Everybody loves dividends, as they often provide a passive income stream, limit drawdowns in other positions, and provide more than one way to profit from an investment. And when considering dividend-paying stocks, those with a history of boosting their payout are prime considerations, reflecting their commitment to increasingly rewarding shareholders.
In addition, consistent dividend hikes reflect the company’s successful nature, opting to share profits with shareholders.
For those seeking companies that have recently boosted payouts, two favorably ranked considerations, American Express (AXP - Free Report) and Pearson plc (PSO - Free Report), fit the criteria. Let’s take a closer look at each.
American Express Keeps Paying Investors
American Express has long been recognized as a strong income-focused play thanks to consistent payouts over the years, with the company sporting a shareholder-friendly 12.5% five-year annualized dividend growth rate. Provided below is a chart illustrating the company’s dividends/share on an annual basis.
Image Source: Zacks Investment Research
In addition, analysts have become bullish on the company’s current year EPS outlook, with the $15.31 per share estimate up 4% over the last year and suggesting 15% year-over-year growth. The stock sports a Zacks Rank #3 (Hold) rating.
Image Source: Zacks Investment Research
American Express recently upped its quarterly payout by 17%, bringing the quarterly total to $0.82 per share. Shares yield 1.1% annually compared to a 1.3% annual yield from the S&P 500.
Pearson Shares Show Relative Strength
Pearson shares have demonstrated a nice level of relative strength in 2025, gaining 2% compared to a 5% decline from the S&P 500. The company unveiled a massive 120% boost to its quarterly payout in late February, with the quarterly payout now totaling $0.21 per share.
Image Source: Zacks Investment Research
As shown below, the company is slowly returning to a more shareholder-friendly nature over recent years, following payout cuts throughout the 2015-2019 period.
Image Source: Zacks Investment Research
Like American Express, Pearson has enjoyed positive earnings estimate revisions for its current fiscal year, helping land the stock into a favorable Zacks Rank #1 (Strong Buy) rating. The $0.88 Zacks Consensus EPS estimate suggests 13% growth year-over-year.
Bottom Line
Dividends bring about many great perks to investors, such as passive income and the ability to achieve maximum returns through dividend reinvestment.

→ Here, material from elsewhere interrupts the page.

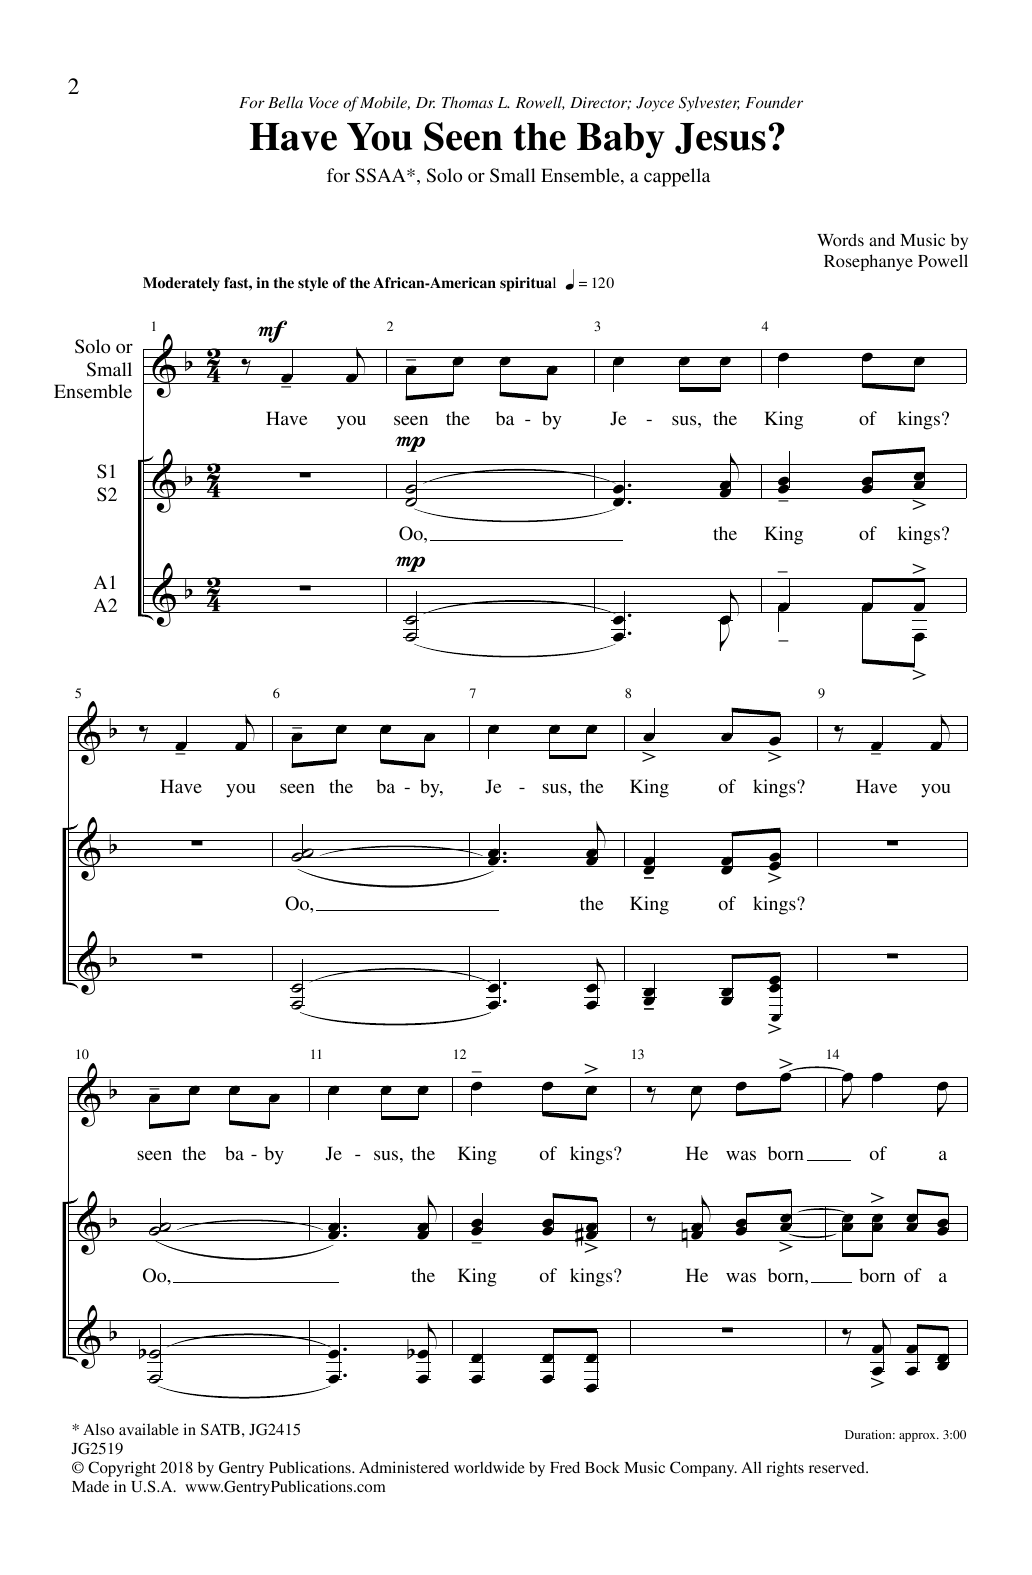 Download Rosephanye Powell Have You Seen The Baby Jesus Sheet Music

Companies boost payouts when business is fruitful, overall sending a positive message concerning the longer-term picture. In addition, consistently higher payouts owe to a company’s cash-generating abilities, undoubtedly a huge positive.
And for those seeking companies looking to pay their shareholders a higher paycheck, both companies discussed above – American Express (AXP - Free Report) and Pearson (PSO - Free Report) – fit the criteria.